Impact Study Needed On Utility Merger

One of the issues that the California Public Utilities Commission will look at in its evaluation of the proposed merger between San Diego Gas & Electric and Southern California Edison is the environmental impact.

Because San Diegans have raised sufficient questions, the PUC has asked SDG&E; and Edison to assess the environmental effects of the merger as part of their applications. From there, the PUC will decide whether a full-scale, independent environmental impact study is needed.

Two recent actions by Southern California air pollution officials underscore the need for a full environmental impact study.

The first was a report by the San Diego County air pollution control officer, which calculated estimates of the additional pollution that would be generated--under five scenarios--if Edison were to use SDG&E; plants to produce energy for Edison customers. Some of the scenarios were extreme and unlikely to come to pass.
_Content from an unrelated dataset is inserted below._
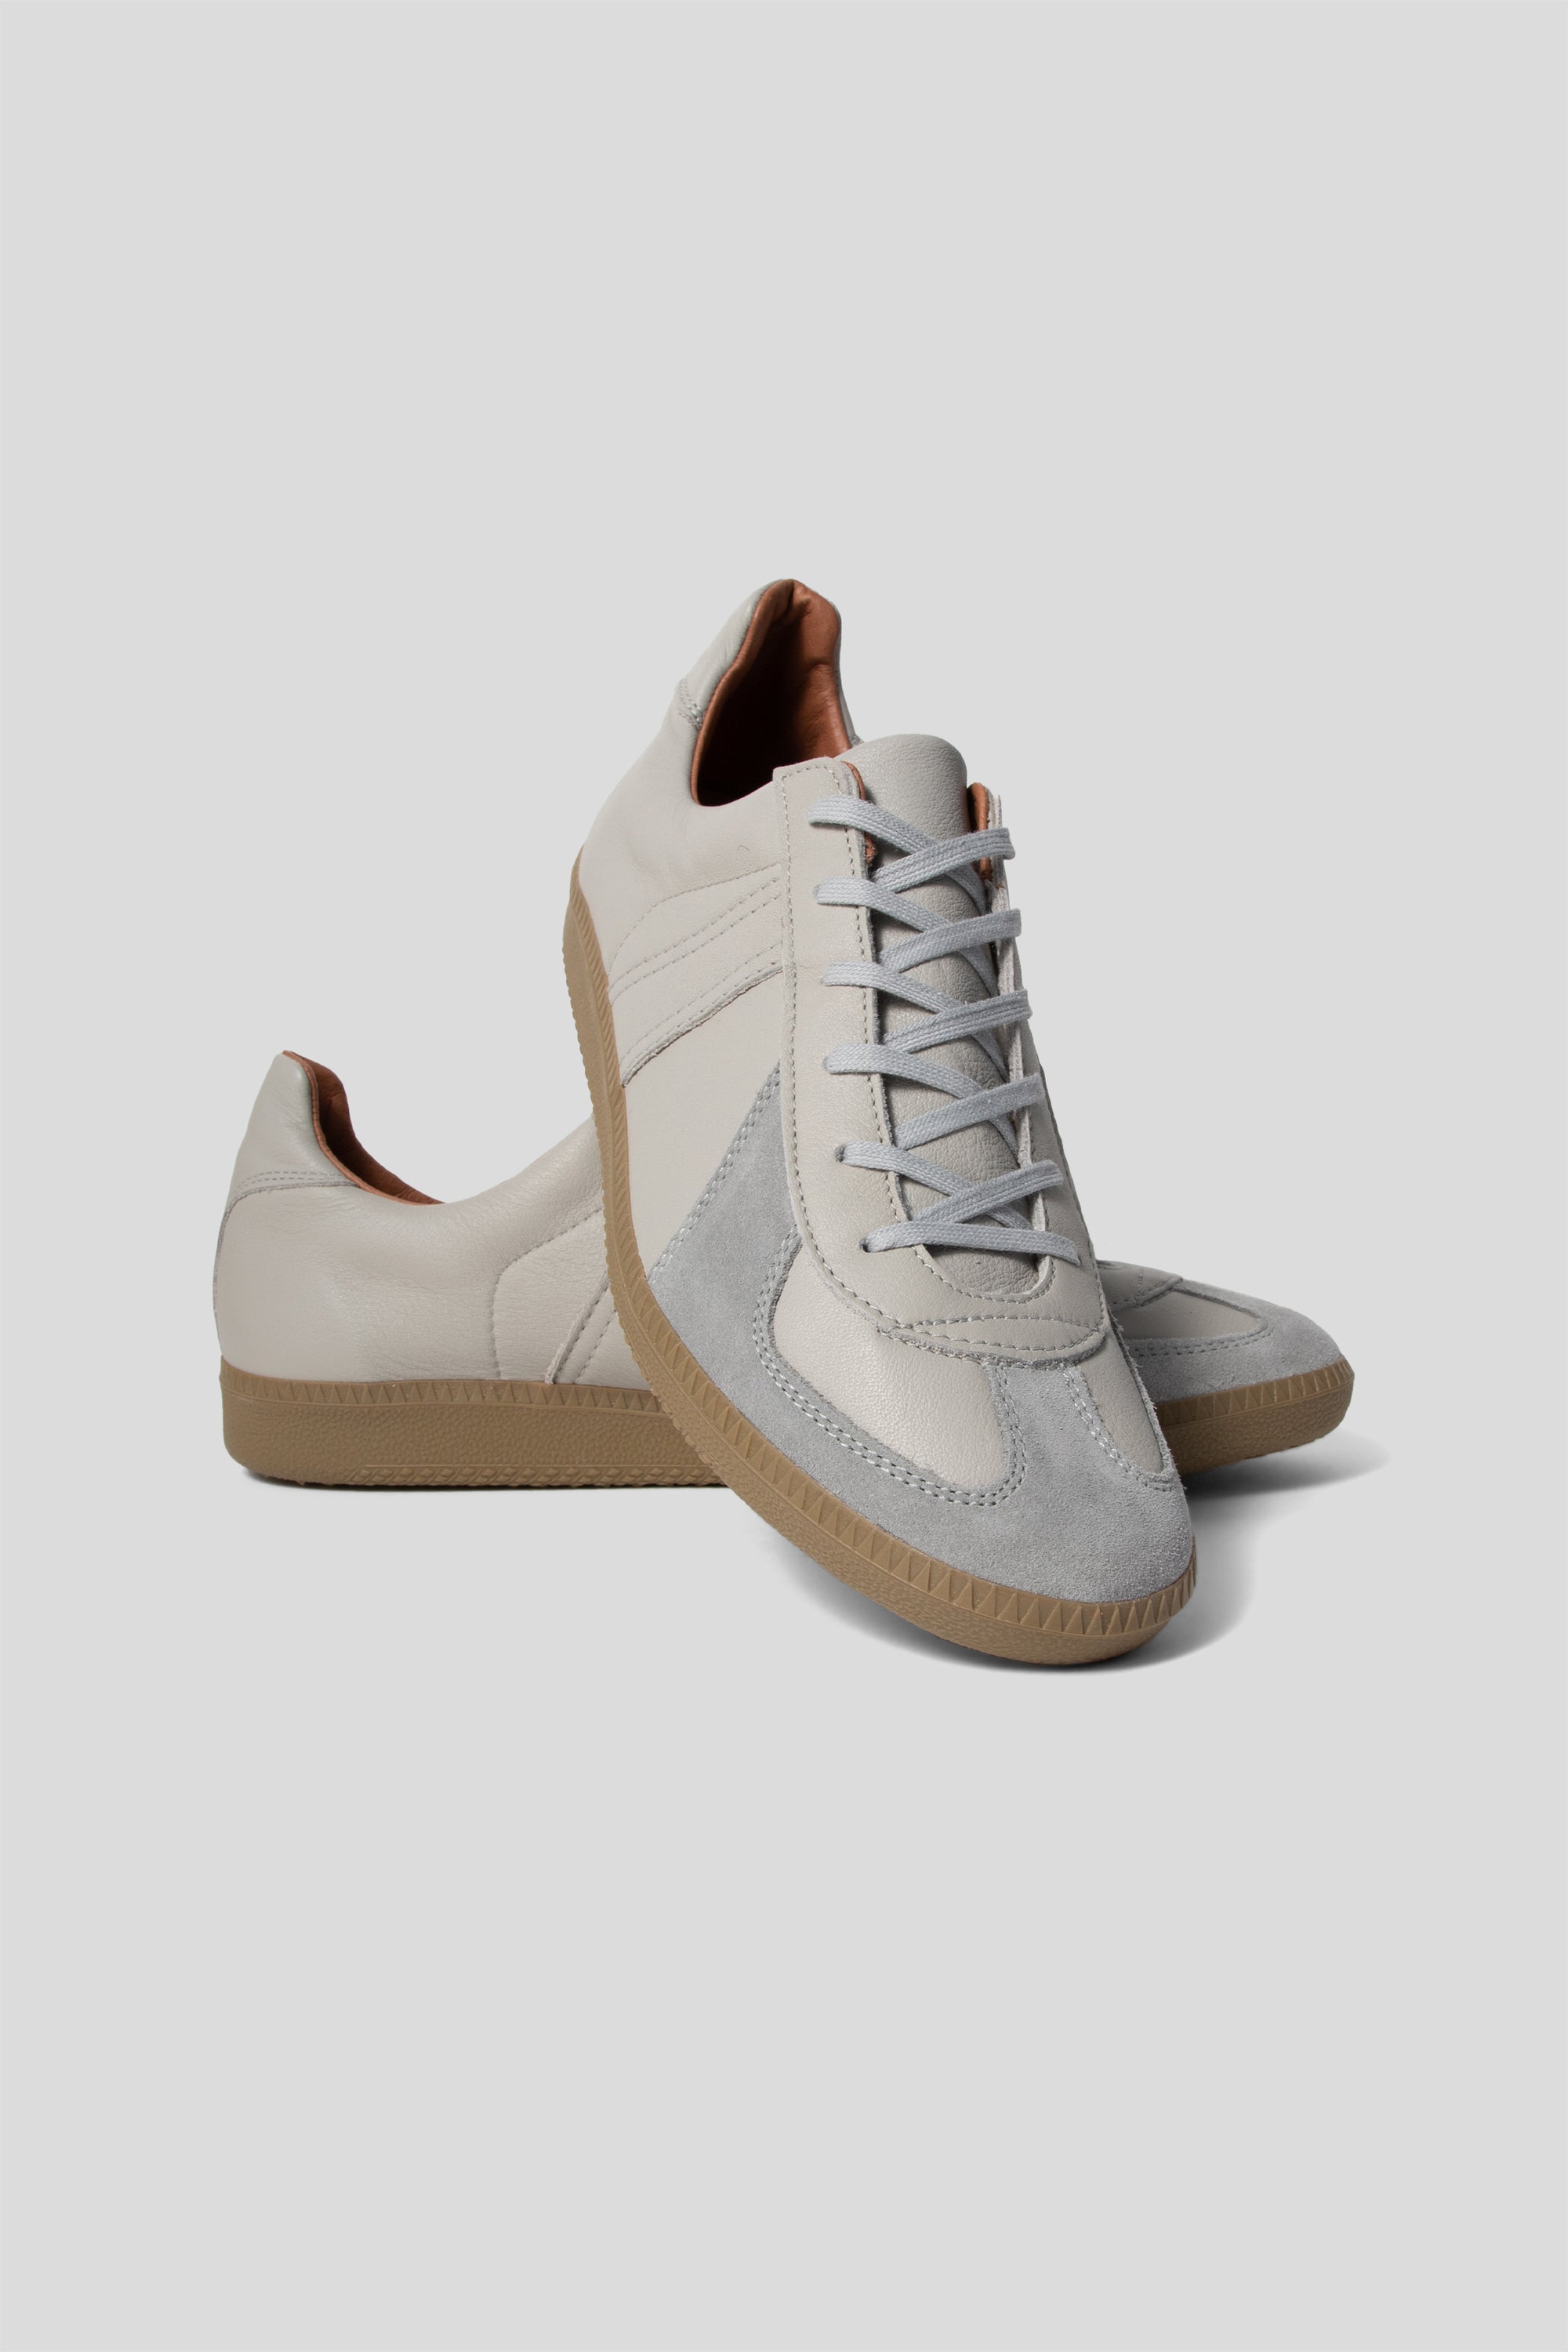 Reproduction of Found German Military Trainer Shoe in Light Gray
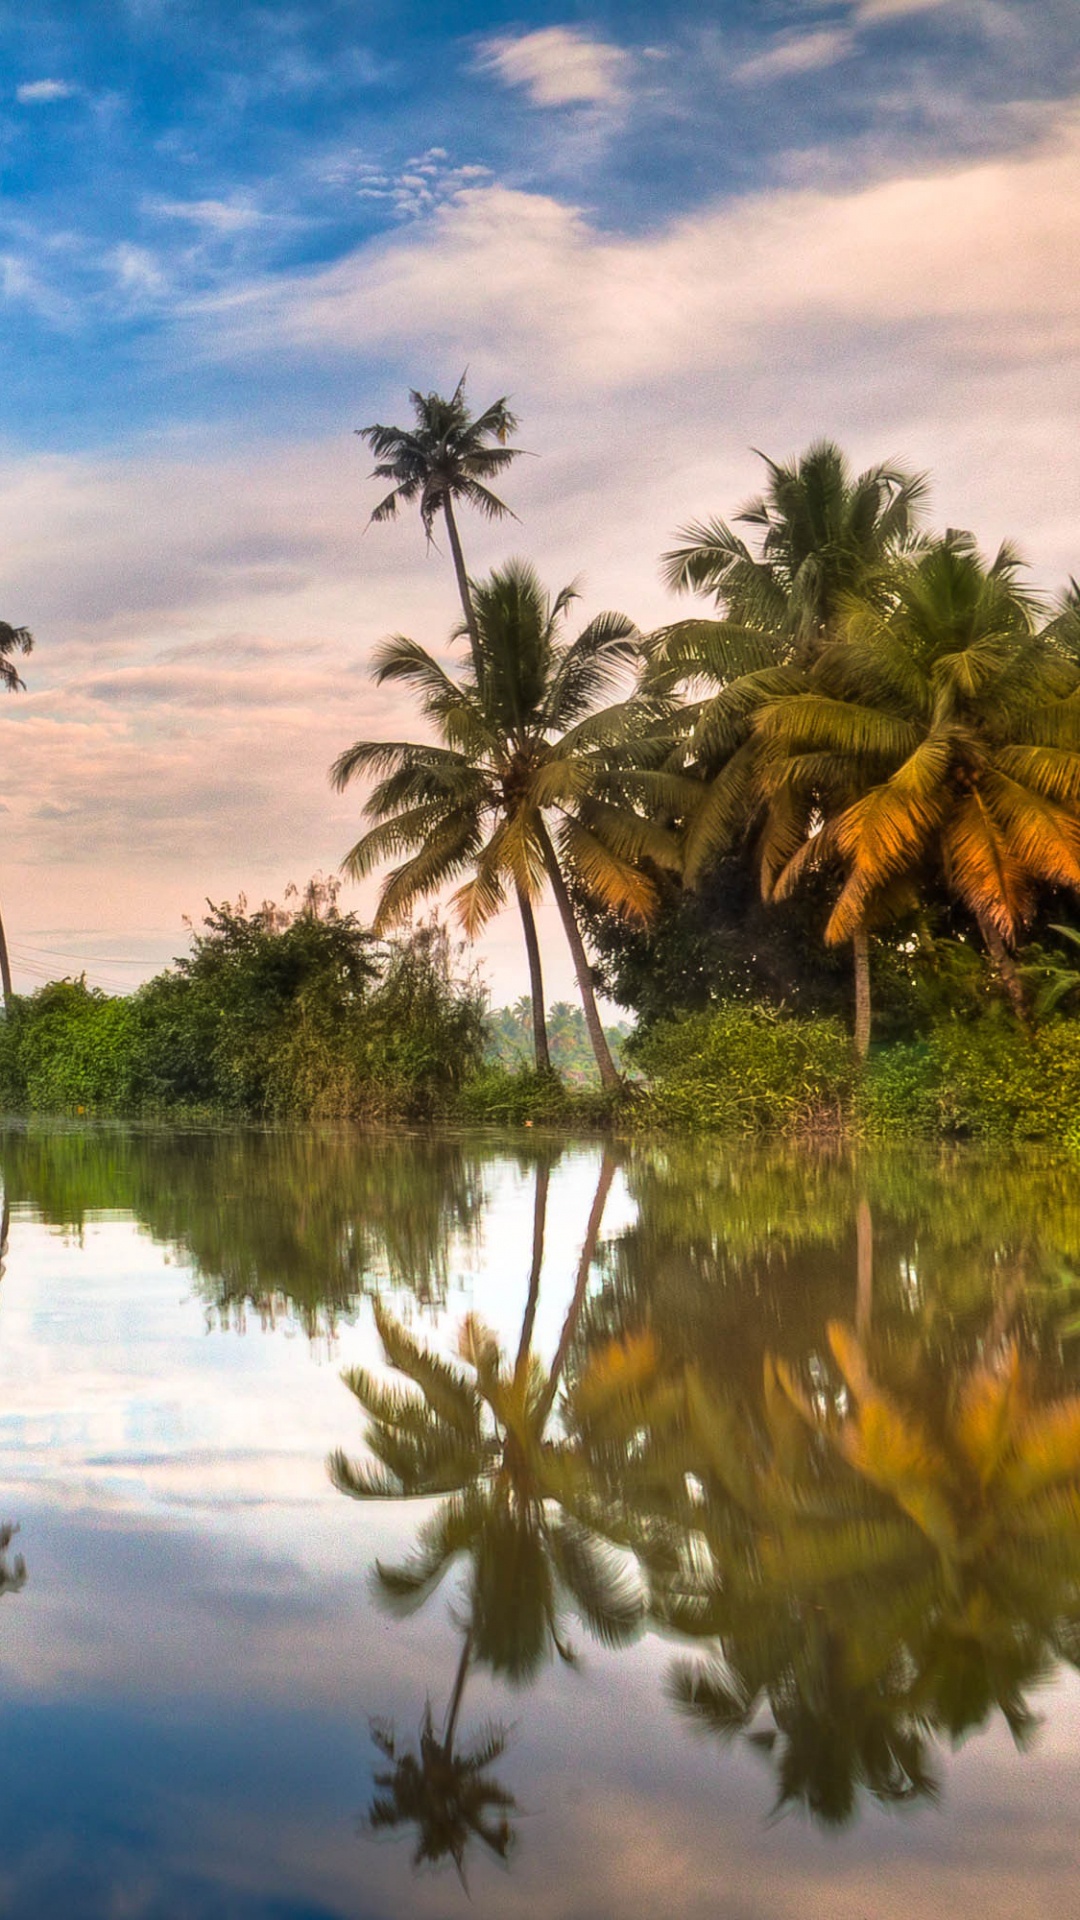 Green Palm Trees Beside Body of Water Under Blue Sky and White Clouds During Daytime. Wallpaper in 1080x1920 Resolution

And there was no assessment of the likelihood of the scenarios, which are dependent on such hard-to-predict economic factors as the price of oil and natural gas and the availability of power elsewhere.


But the bottom line is, if Edison generates power in San Diego for Los Angeles-area customers, it will increase air pollution here, something San Diego can ill afford, since last year it exceeded federal standards for ozone on 45 days and there were two smog alerts.

Evaluating the environmental impact of the merger is complicated by the recent approval of a much-needed air quality plan for Los Angeles, Orange, Riverside and San Bernardino counties. Edison fought tooth and nail against the plan, which aims to put the Los Angeles Basin in compliance with federal standards within 20 years.

Cleaning up the nation’s dirtiest air will mean a wide range of changes in living and commuting habits. Nor will it be business as usual for business.

Edison will be forced to find ways to produce fewer pollutants in the Los Angeles Basin. One way is to retrofit its plants with additional pollution control devices--a costly option. Another is to reduce or eliminate its use of fuel oil. It may also have to produce or buy more power generated outside the Los Angeles Basin.


That’s where San Diego could come into play. Since there are fewer days when the air is unhealthy here, Edison could turn to San Diego plants to produce some of the energy that Edison would not be able to generate in the Los Angeles Basin. It could also use San Diego plants to replace the oil-fueled power it now produces in the Los Angeles area.

How often this would make economic sense for Edison is a big question. Last summer, for example, during a smog alert in Los Angeles which coincided with a natural-gas shortage, the PUC allowed Edison and other Los Angeles utilities to divert cleaner-burning natural gas intended for SDG&E; and other utilities. This forced SDG&E; to burn more oil.

SDG&E; is being reimbursed with additional deliveries of natural gas now, but would that have happened if SDG&E; had not raised concerns about the loss of control of its supplies? Would it have happened if SDG&E; were owned by Edison? These are the kinds of questions the PUC needs to address. Edison has said that it would protect San Diego’s environment if the merger is approved. But Edison’s scare tactics and exaggerated estimates of the cost of the plan to clean up Los Angeles’ air do not inspire confidence in that commitment.

What is called for is a dispassionate and thorough study of the environmental impacts of Edison ownership of SDG&E;, conducted by the PUC. Preparing an environmental impact report may slow the approval process--and that presents difficulties for the two utilities--but the questions are complex enough and the stakes are high enough to warrant it.